Although exposure of LLC-PK1 epithelial cell sheets to phorbol esters (TPA) causes a near immediate and total decrease of transepithelial electrical resistance (TER), continuation of exposure for 3 to 4 days results in a tachyphylactic response as TER begins to return to control levels. Recovery of TER is maximal by 5 to 6 days, but reaches only 70 to 80% of control level. A reciprocal change in the transepithelial flux of D-mannitol indicates that the TER decrease is indicative of an increase in tight junction permeability. Exposure of cell sheets to TPA for several days also results in the appearance of multilayered polyp- like foci (PLFs) across the otherwise one cell layer thick cell sheets. The pattern of penetration of the electron dense dye, ruthenium red, from the apical surface, across the tight junction and into the lateral intercellular space indicates that the tight junctions of the cell sheet become uniformly leaky after acute exposure to TPA. However, when exposure is continued for several days, only the junctions of cells in the PLFs manifest leakiness. The decrease in TER following acute TPA exposure correlates with the translocation of protein kinase C-alpha (PKC alpha) into a membrane-associated compartment. With exposure of several days, only a trace of PKC alpha is visible by Western immunoblot, and this is in the membrane-associated compartment.
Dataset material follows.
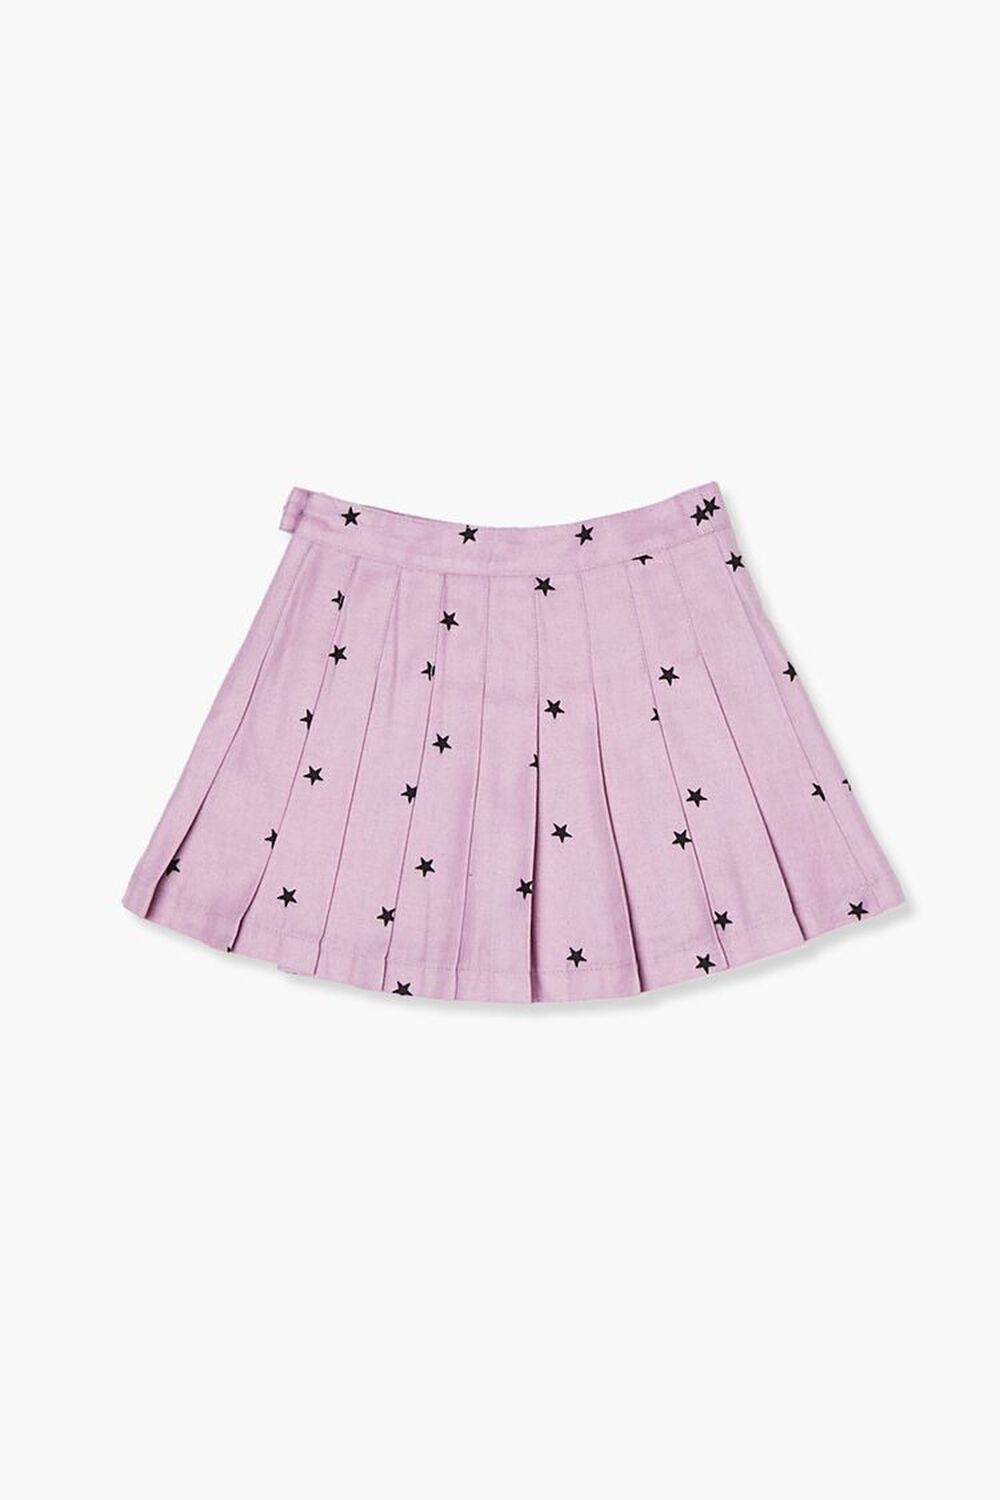 PURPLE/BLACK Girls Star Print Pleated Skirt (Kids), image 2

Immunofluorescent microscopy indicates that the trace of PKC alpha seen in the Western immunoblots is ascribable distinctly to cells of the PLFs. Monolayer areas between PLFs show no discernible immunofluorescent signal. The data therefore indicate that tight junction barrier function may be restored in certain areas by the down regulation of PKC alpha from the membrane-associated compartment. Failure to down regulate may result in the paracellular leakiness and abnormal cell architecture of the PLFs. Possible implications of this model for in vivo epithelial tumor promotion are discussed.